# Funny farmer commercial



## Sheepdog (Jan 17, 2012)

I posted this in another thread when a member mentioned how the British use a term apparently meaning testicles to voice their annoyance.... Bollocks. Austalians however don't use that term, we say 'Bugger'... which has lost its original meaning and has now become part of the Aussie language. It was once considered a little crass but as Australia has evolved and gotten more away from the British influence, the word is now an accepted part of Austrlalian slang and rarely is offence taken when it is used. More than likely originally a British term (the Brits will say "Bugger Off" where as Aussies don't tend to use that term, they do indeed use the word in many instances.

Bugger all.... nothing
It's a bugger we didn't get any rain.

Here is a link to one of the funniest Aussie commericals (or ads = short for advertisement as we would call it). It is a commerical for a Toyota hylux ute... a small pickup that is commonly used on farms and stations. The farmer uses the word bugger a number of times when things go wrong. After the commercial aired, it was not uncommon to see a toyota with a bumper sticker that said... bugger.

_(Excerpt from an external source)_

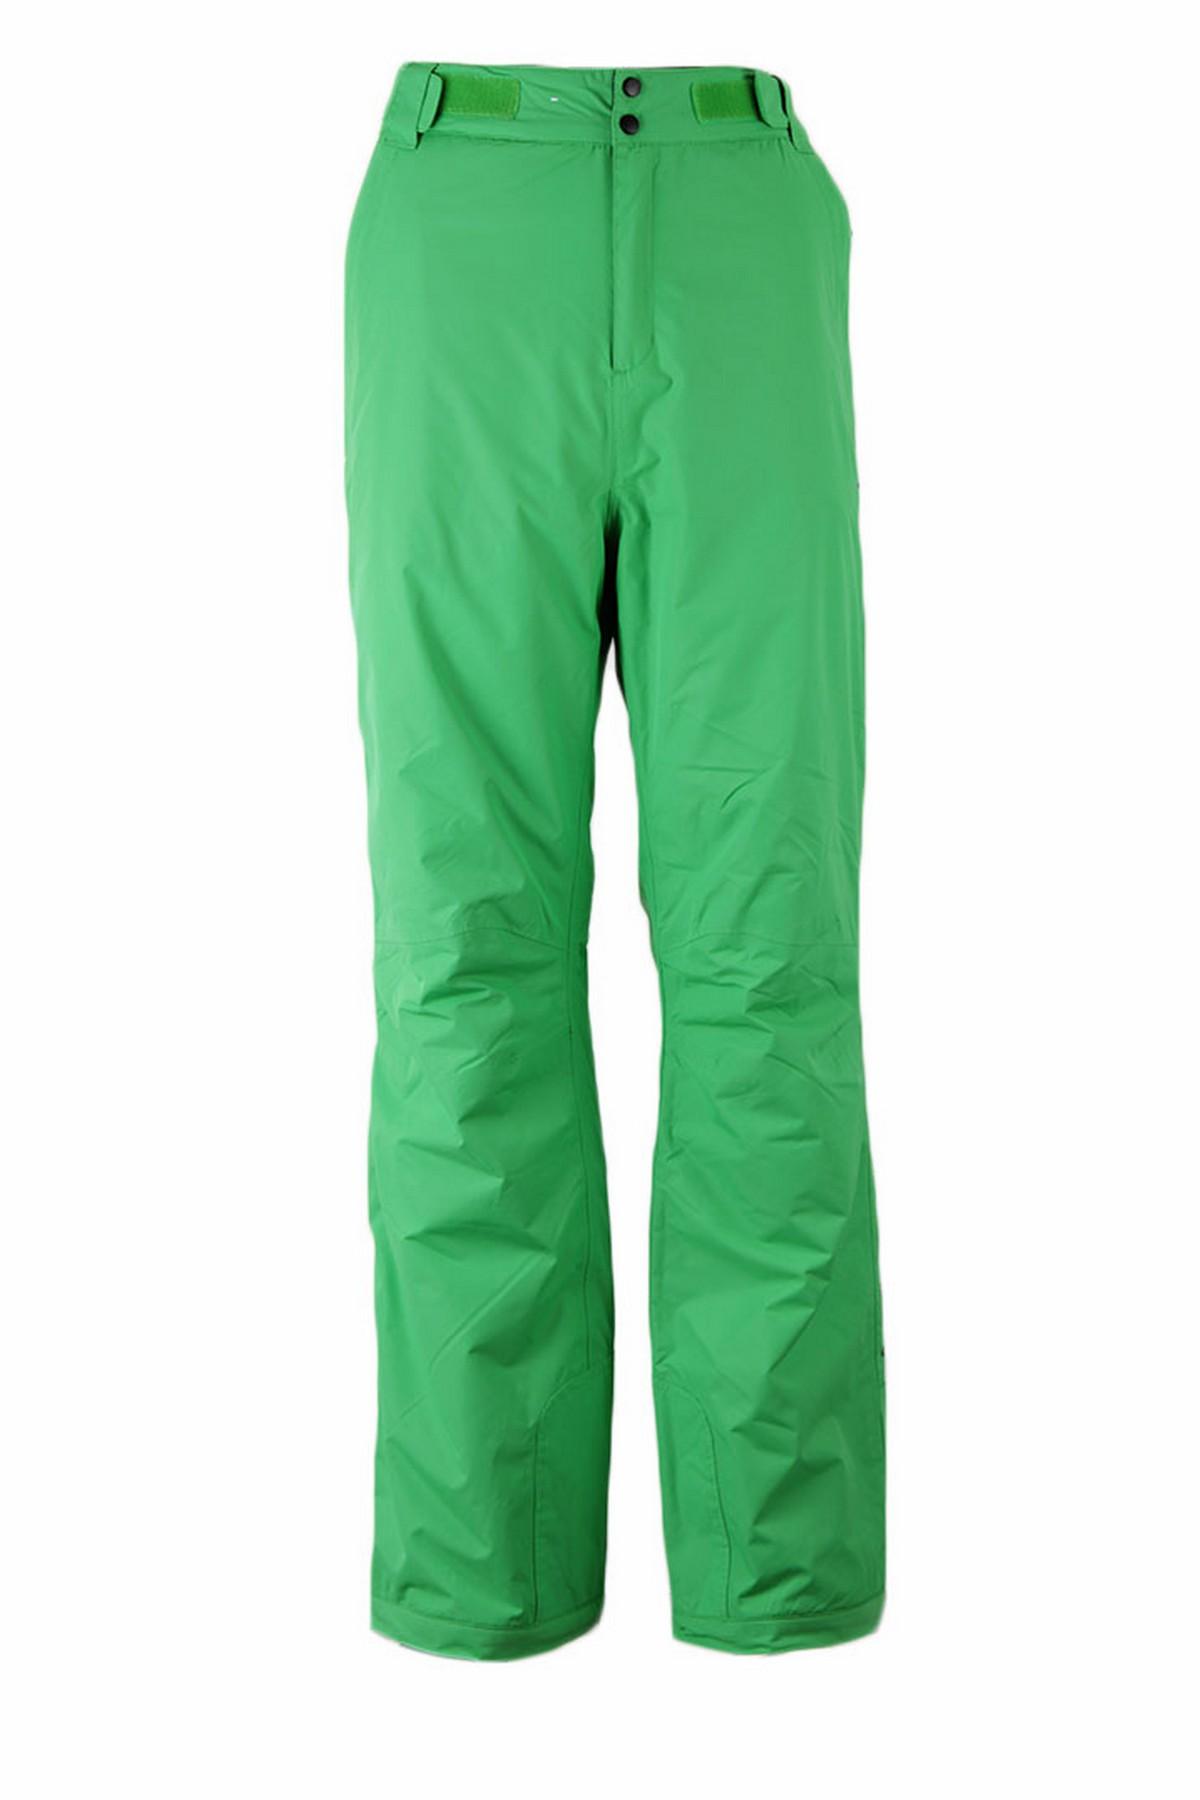 Dare2b Divedown Kadın Pantolon Yeşil (DMW050-07H)
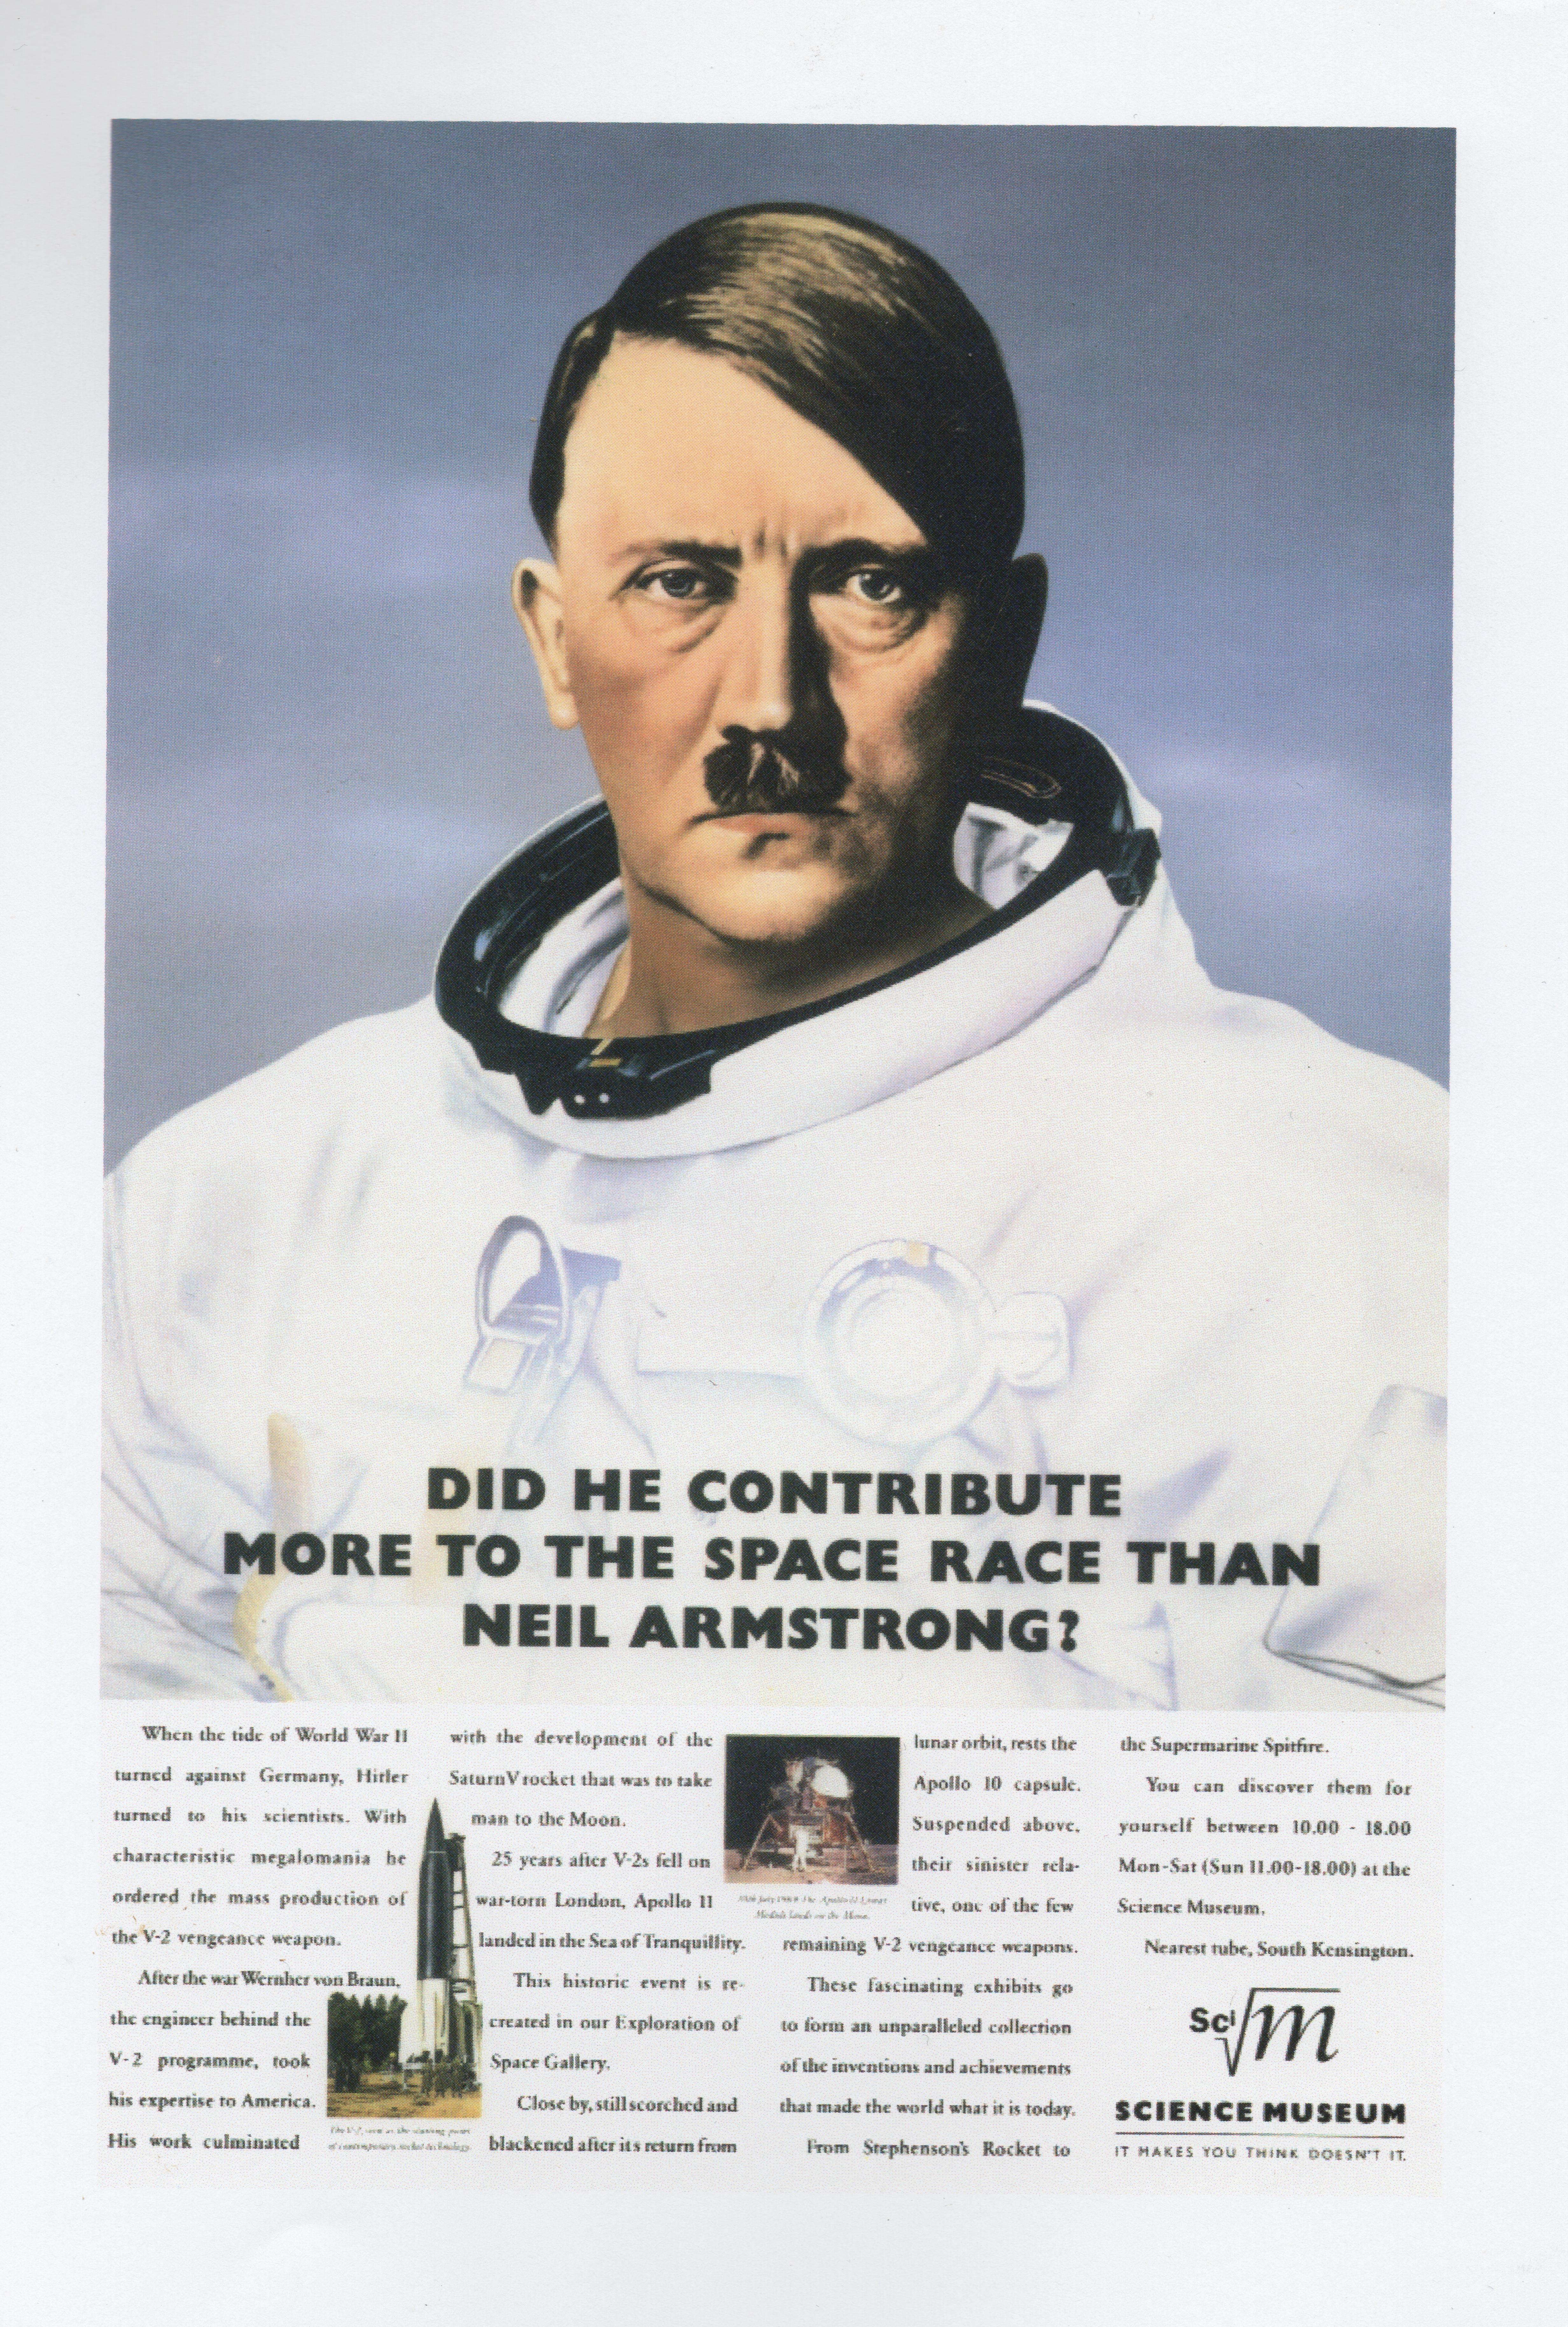 SCIENCE_MUSEUM_Hitler

The commercial aired on commercial TV during normal daytime hours, as very few Australians would have thought that it was uncouth, it's just part of Aussie culture. The commercial aired probably around 1994 or 1995.. I can't remember exactly when.

http://youtu.be/6RfAYnCxkK0

Hope no-one thinks it is inappropriate, I don't mean to offend anyone, if it were offensive in Australia I certainly wouldn't post it... but I am sure there will be some of you who will see the humour in it and no doubt be able to relate to it... I know I did.


----------



## Queen Mum (Jan 17, 2012)

That is too funny.  Especially the part where he pushes the fence post and the whole line of fence goes flat!


----------



## redtailgal (Jan 17, 2012)

NO offense here......that was funny.

I had to giggle when the dog lande in the mud.


----------



## Chirpy (Jan 17, 2012)

I've seen that before and belly laughed.   Thanks for bringing it back...  I belly laughed again.  

Laughing is good for the soul and for physical wellness... so, I sure hope people can laugh and enjoy..  that was great!


----------



## Sheepdog (Jan 17, 2012)

You're welcome guys. Glad you enjoyed it... it's a bit of an Aussie farmer's classic


----------